Analisis diskriminan yang digunakan adalah analisis diskriminan dua factor dimana pada analisis diskriminan dua factor ini mengklasifikasikan, seperti regresi logistic, yang dikelompokkan variabel depedennya (variabel kategorik). Tujuan dari analisis diskriminan dua factor adalah ingin mengetahui apakah ada perbedaan yang jelas antar grup pada variabel dependen. Jika ada, variabel independent manakah pada fungsi diskriminan yang memuat perbedaan grup tersebut. Sama halnya seperti kasus ini, PT berniat untuk menyimpulkan laporan dari seluruh tim analis yang ada apakah ada perbedaan yang jelas antar kelompok UMKM dengan performa yang baik dan kelompok UMKM dengan performa yang buruk. Dan variabel independent apa saja yang memuat perbedaan dua kelompok performa UMKM ini. Kemudian akan dibentuk atau dibuat fungsi atau model diskriminanya kemudian akan dilakukan klasifikasi terhadap kelompok-kelompok UMKM yang ada apakah kelompok UMKM tersebut memiliki performa yang baik atau buruk berdasarkan laporan keuangan antara tahun 2020 dan 2021 pada UMKM masing-masing..
Dimana hasil analisis ini akan dijadikan evaluasi keunggulan dan potensi yang terdapat pada UMKM dari bagaimana inovasi yang diterapkannya untuk menanggulangi krisis ekonomi yang terjadi sebagai akibat dari pandemi.
Point b:
Asumsi yang diperlukan untuk analisis diskriminan antara lain:
1. Setiap populasi berdistribusi normal multivariat 2. Tidak terdapat multikolinearitas
3. Variansi Variabel Independen untuk tiap Grup seharusnya sama 4. Variansi di antara variabel-variabel independen seharusnya sama
1. Normalitas multivariat
Dalam melakukan metode analisis diskriminan, salah satu asumsi yang harus dipenuhi adalah data berdistribusi normal multivariat. Normalitas ini dapat dilakukan dengan berbagai cara salah satunya dengan menggunakan jarak mahalanobis.
Data berdistribusi normal multivariat apabila scatterplot cenderung membentuk garis lurus dan lebih dari 50% nilai jarak mahalanobis kurang atau sama dengan nilai qi.
Dari scatter plot untuk data di atas dapat diamati bahwa scatterplot membentuk garis lurus.

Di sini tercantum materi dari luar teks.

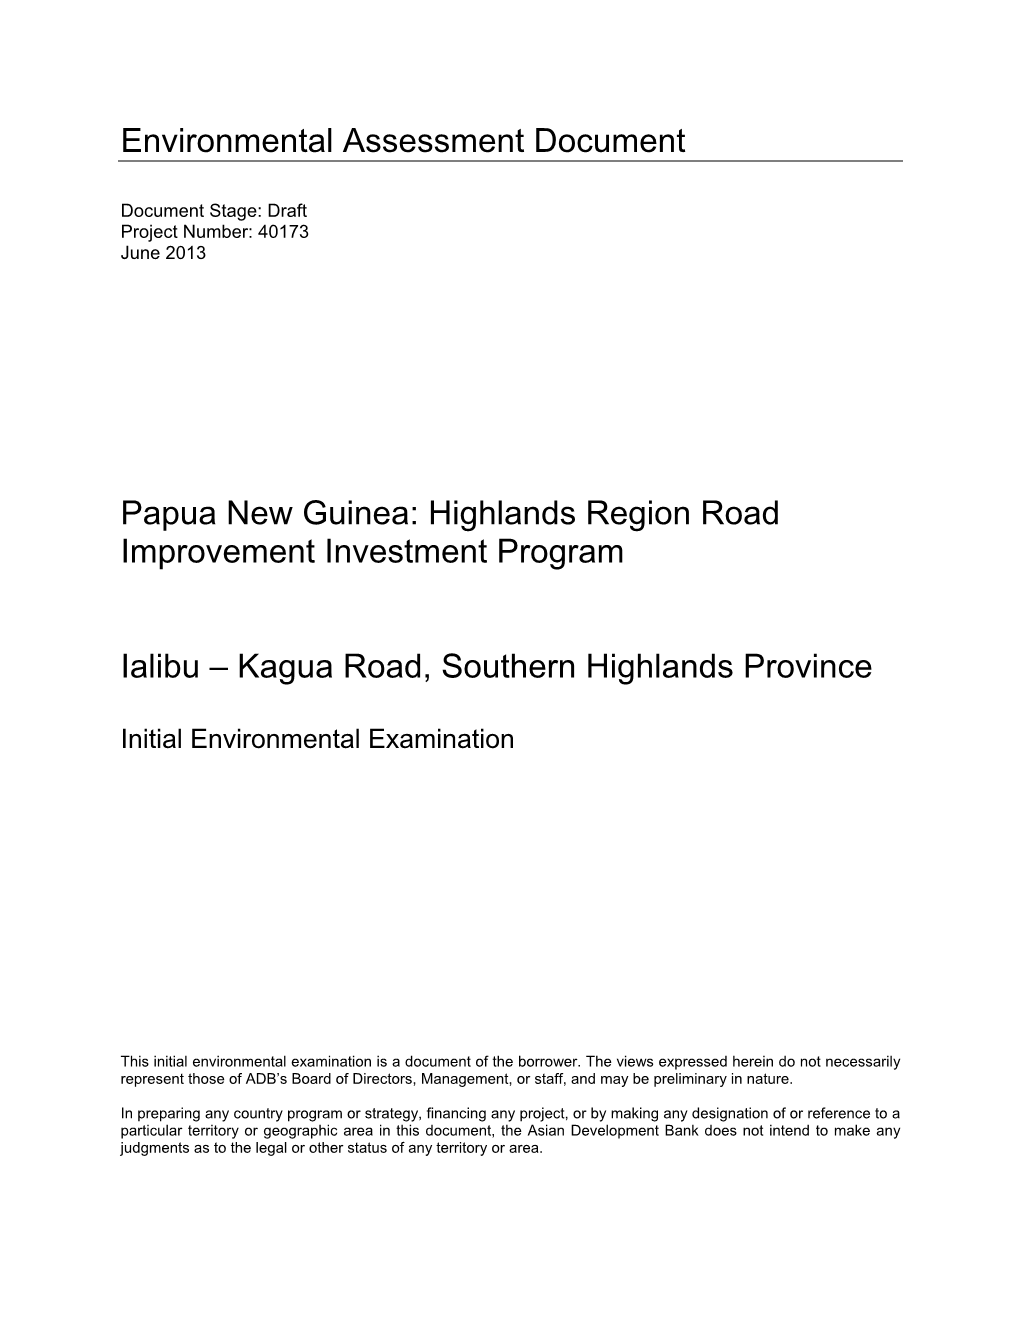 Kagua Road, Southern Highlands Province

Pada scatter plot ini diketahui jarak mahalanobis berkisar dari nilai 0.00000 sampai dengan 40.00000, jadi nilai qi pada scatter plot ini akan diambil nilai mediannya (nilai tengah) yaitu sebesar 20.00000. Dapat diamati pula dari scatter plot di atas jika lebih dari 50% nilai jarak mahalanobis kurang dari nilai qi. Karena nilai jarak mahalanobis mayoritas memiliki nilai 0.00000 sampai dengan 20.0000. Jadi, dapat disimpulkan jika dilakukan uji normalitas multivariat data secara deskriptif diperoleh bahwa data geokimia tersebut berdistribusi normal karena scatterplot nya membentuk garis lurus dan lebih dari 50% nilai jarak mahalanobisnya kurang atau sama dengan nilai qi.

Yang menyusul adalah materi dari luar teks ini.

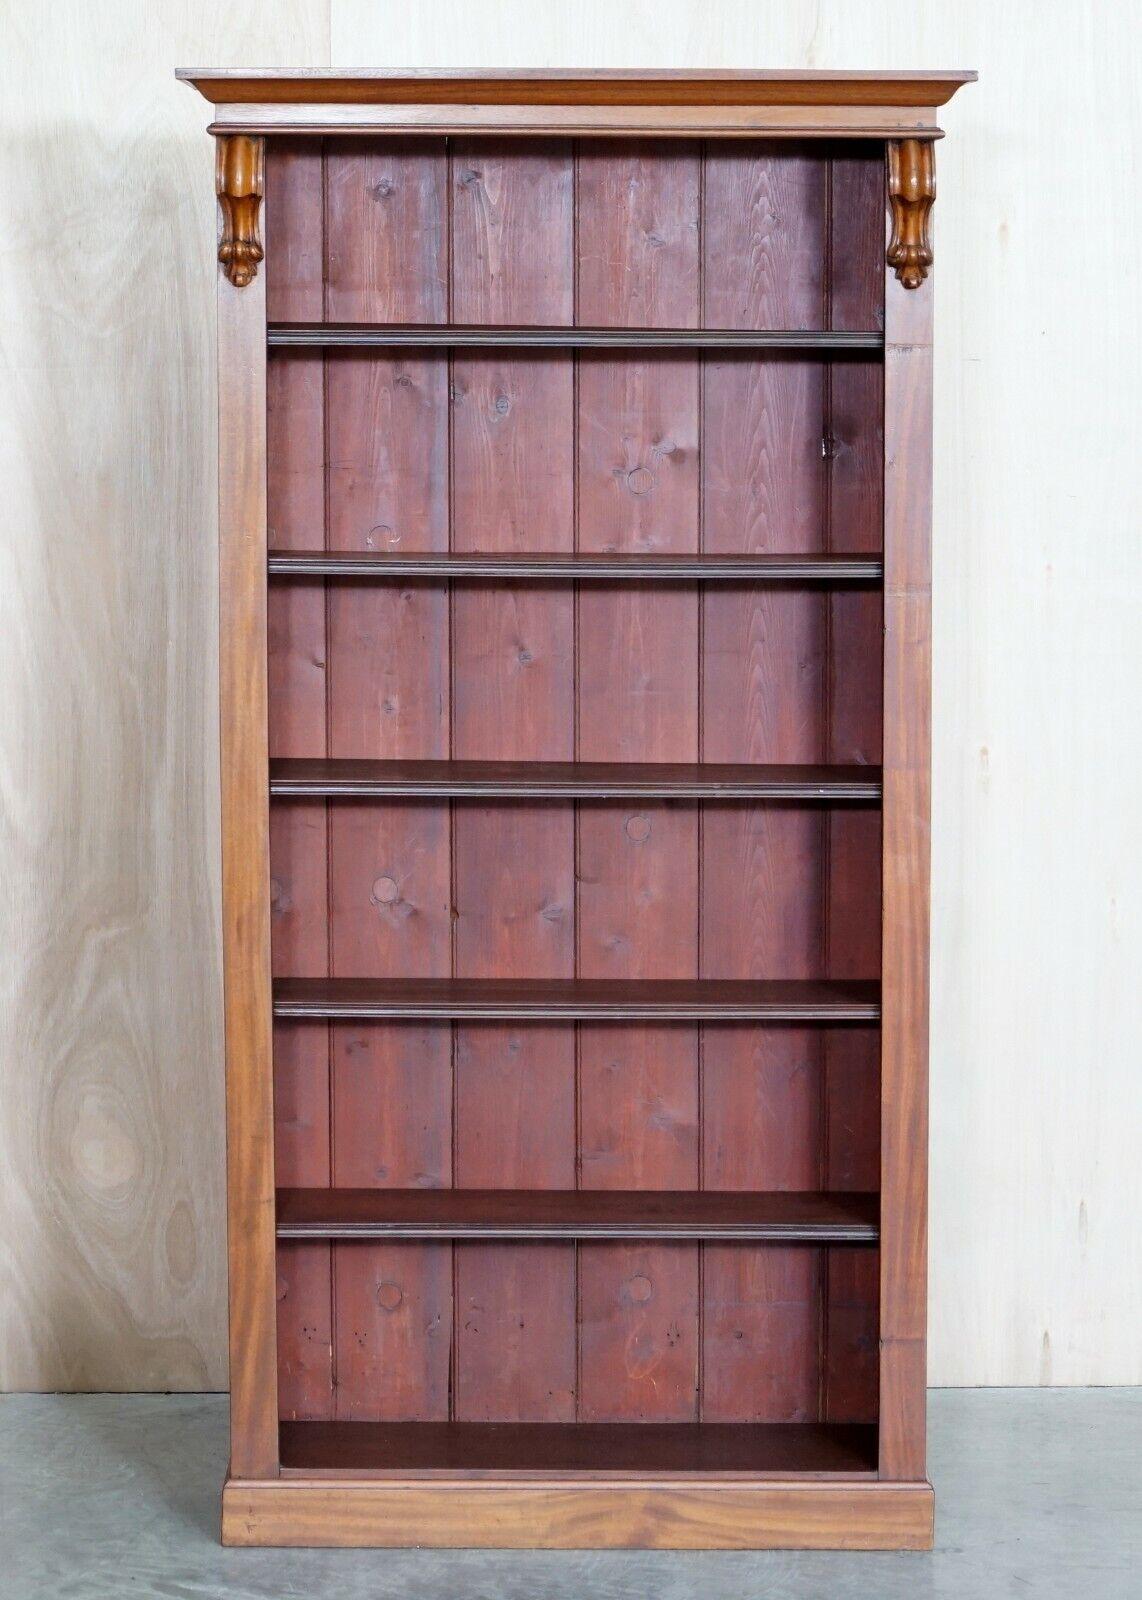 Victorian PAIR OF ViCTORIAN HARDWOOD TALL OPEN LIBRARY BOOKCASES HEIGHT ADJUSTABLE SHELVES

2. Tidak terdapat multikolinearitas
Uji multikolinearitas bertujuan untuk mengetahui adanya korelasi yang tinggi antar variabel prediktor pada model regresi. Asumsi multikolinearitas terpenuhi apabila nilai korelasi < 0.5
Berdasarkan uji multikolinearitas di atas dapat diamati bahwa, variabel-variabel predictor yang memiliki nilai korelasi lebih dari 0.5 antara lain:
- Variabel Air Temperature dengan Process Temperature memiliki nilai korelasi sebesar 0.877
- Variabel Rotational speed dengan Torque memiliki nilai korelasi sebesar -0.884
Dapat disimpulkan bahwa terdapat multikolinearitas pada variabel-variabel predictor di atas yang memiliki nilai korelasi lebih dari 0.5. Tetapi, pada praktikum ini, diasumsikan asumsi tidak terdapat multikolinearitas ini terpenuhi.
3.
Variansi Variabel Independen untuk tiap Grup seharusnya sama Variansi dari mesin gagal =mesin tidak gagalNilai log determinant (variansi yg dibentuk oleh var independen) yang dihasilkan berbeda cukup jauh yaitu di sini perbedaannya sebesar 2.916, hal ini berarti bahwa group covariance matrice berbeda secara nyata untuk kedua faktor (“mesin gagal” dan “mesin tidak gagal”).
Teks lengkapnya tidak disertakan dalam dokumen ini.